Provided data —
#####

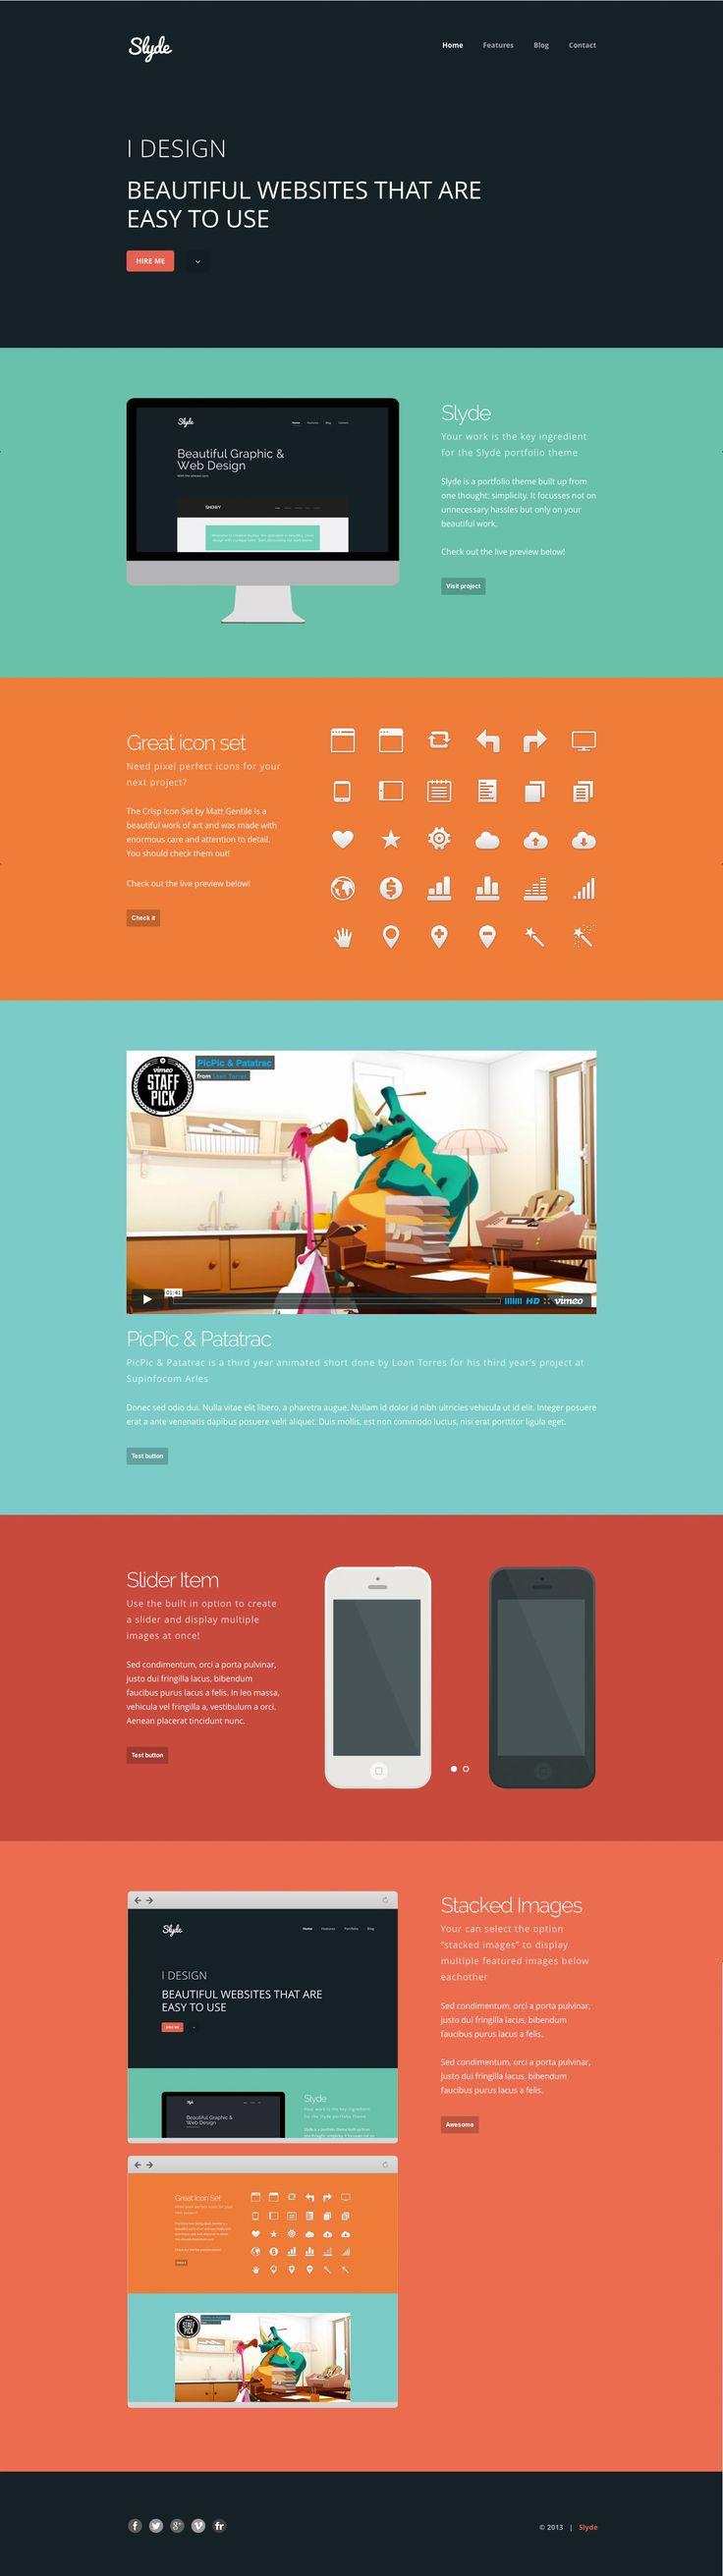 Flat website design / layout
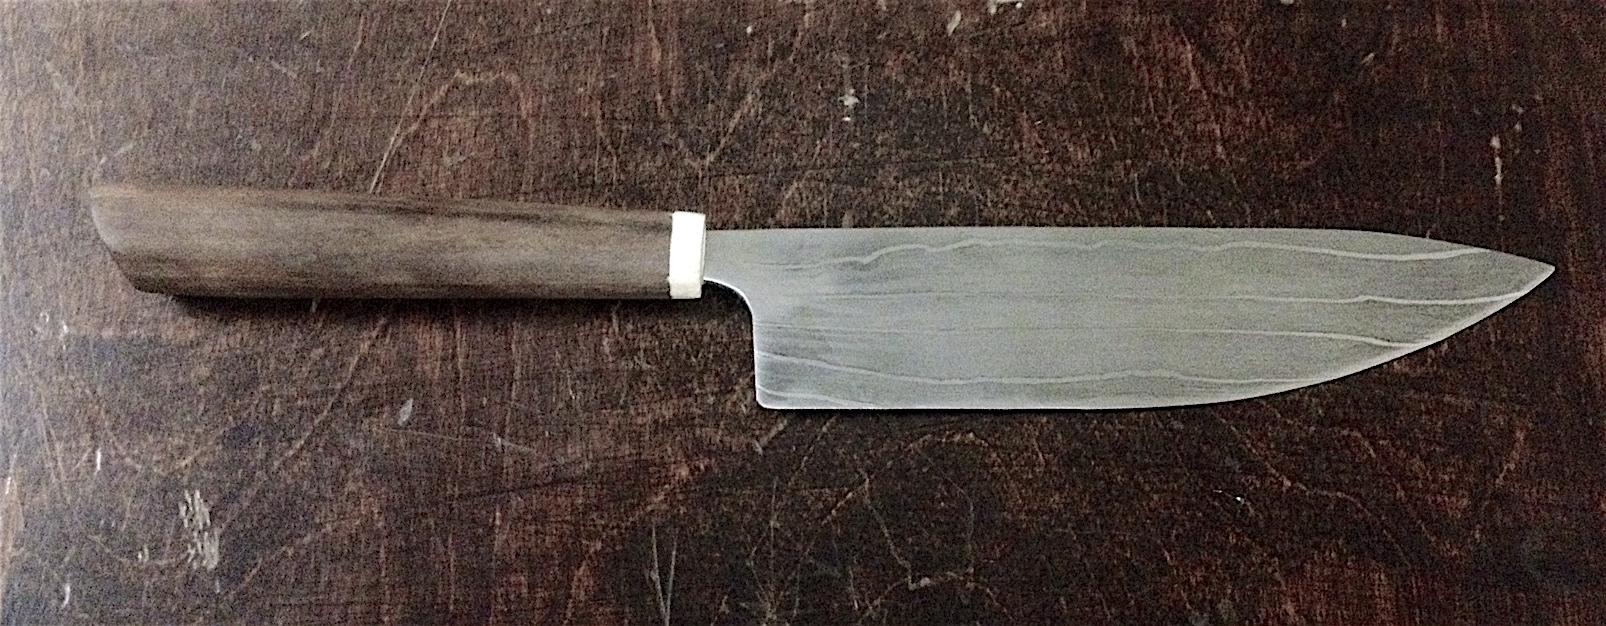 chefs knife web.jpeg
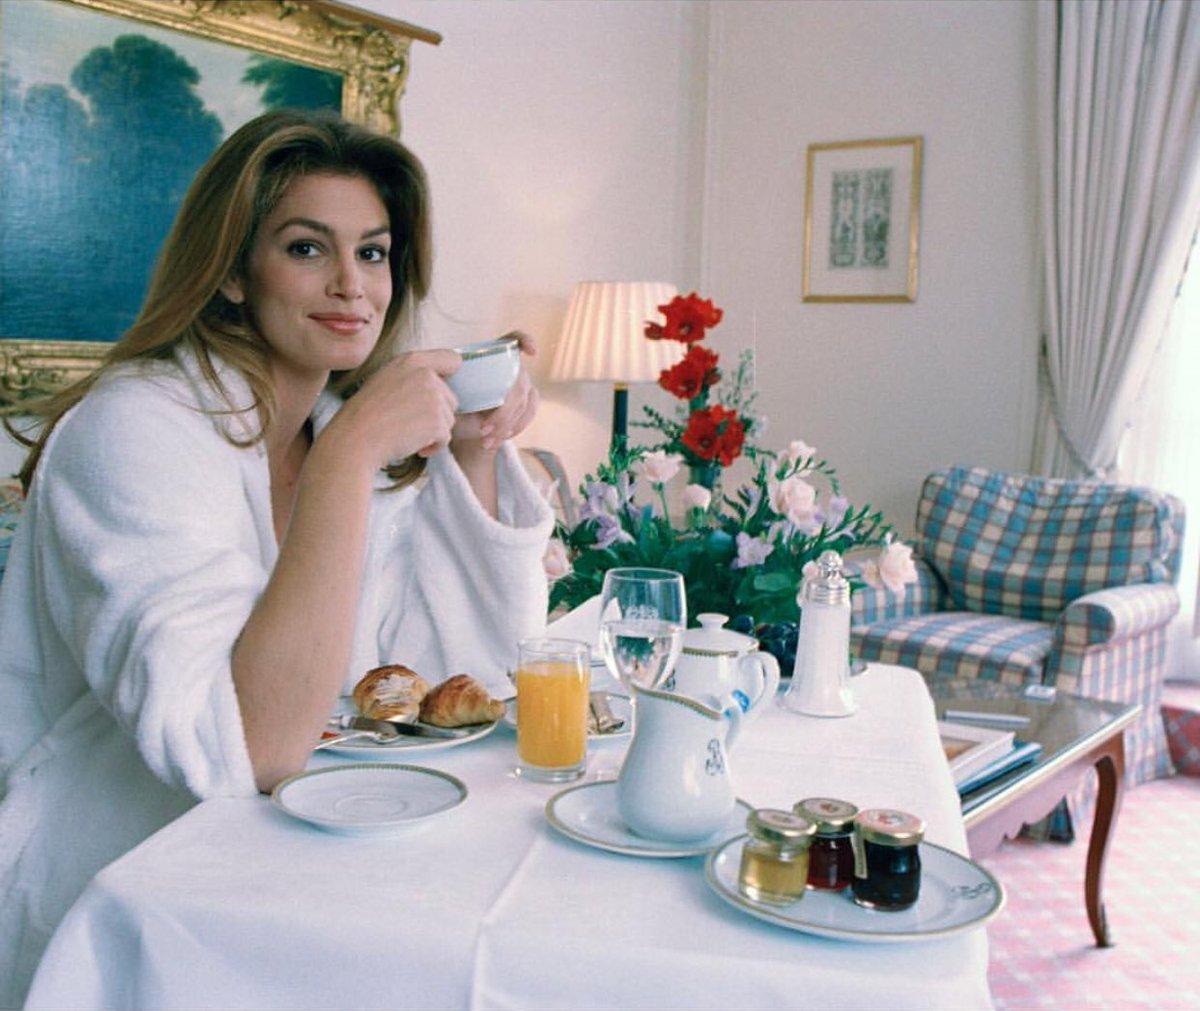 RT @MeaningfulBty: Breakfast in bed with @CindyCrawford ☕️ #FBF  https://t.co/Qq78dYxDkO https://t.co/h8VBwm3ua6

#####

Directions — What the reply must contain is an exact transcription of the data above and none of its pictures.

Expected output —
 Flat website design / layout
 chefs knife web.jpeg
 RT @MeaningfulBty: Breakfast in bed with @CindyCrawford ☕️ #FBF  https://t.co/Qq78dYxDkO https://t.co/h8VBwm3ua6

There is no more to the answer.